Types of instruments used in East Indian folk music are varied. All types of instruments are used to get the best of the musical output. The various instruments used for the folk music are of various types. The instruments include percussion, wind or air and string instruments.
Percussion Instruments in East Indian Folk Music
Percussion instrument in the use of folk music is very important indeed. Various instruments are dhak, dhol, khol, tabla etc. The making of a giant drum needs a heavy round skin and straps of rope/ thread to tighten it in an indigenous method. Heavy wooden block was readily made available by felling a tree, and ultimately it was given a cup-like shape with a huge cavity on one side. The name dhol is familiar in different regions of India, though shapes of the instrument differ a little in size. It is fairly a common name for drums.
Khole, one of the most important instruments used in Padavali Kirtan, has been converted into a folk instrument played to devotional folk-songs and panchali singing in Bengal.
Tabla and bayan (dagga, dugi), the most popular percussion instrument all over India, is considered as the main Tala Yantra of today. The high status of this percussion instrument is derived from its technical and artistic development.

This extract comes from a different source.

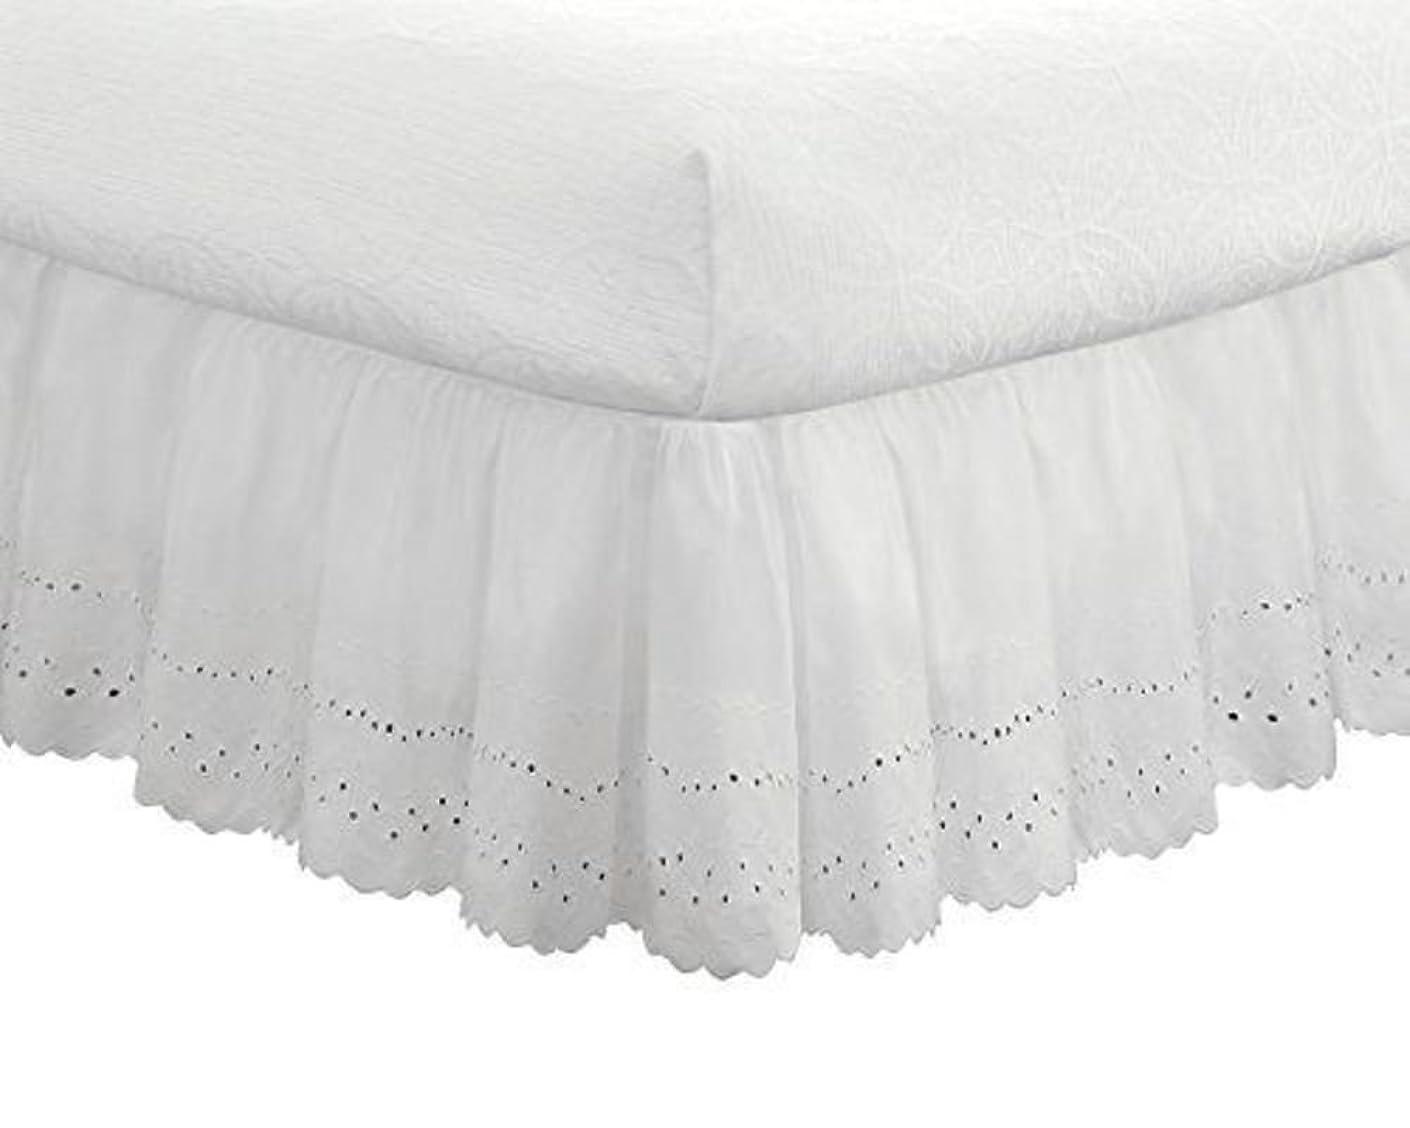 稚魚そんなに病刺繍のベッド スカート,弾性 ポリエステル ベッドの周りをラップ 1 ベッドスカート, 耐フェード しわ 簡単なケア ベッドスカート- 100x200x38cm

String Instruments in East Indian Folk Music
String instrument in East Indian folk music is considered as the principal music producing instrument. Sarinda, the other string instrument which is played by bow, and is familiar in East Bengal (Bangladesh) where it is used in Bhatiali songs, was described by 19th century western musicologists in their works. Ektara, the handy drone-instrument of various shapes and sizes, is popular all over India under different names. Another tata yantra which is no less than an avanaddha instrument is named as khamak by Bauls of Bengal, (specially the bauls of Birbhum). A string runs inside a cylinder at the bottom to which a skin is fitted.
Wind Instruments in East Indian Folk Music
Wind Instruments used in the various forms of East Indian Folk Music are one of the oldest Indian musical bases known under different names. The variety of bamboo flute (Tripura bansuri) is now-a-days claimed to be a peculiar contribution of Tripura because of the fact that peculiar bamboo stems are available in Tripura jungles.
Shehnai is an imitated instrument from original Shehnai Surna of the Muslim period and is used in special rituals. Shehnai is based on the usage of two reeds at the mouth fixed on a tube the resonator.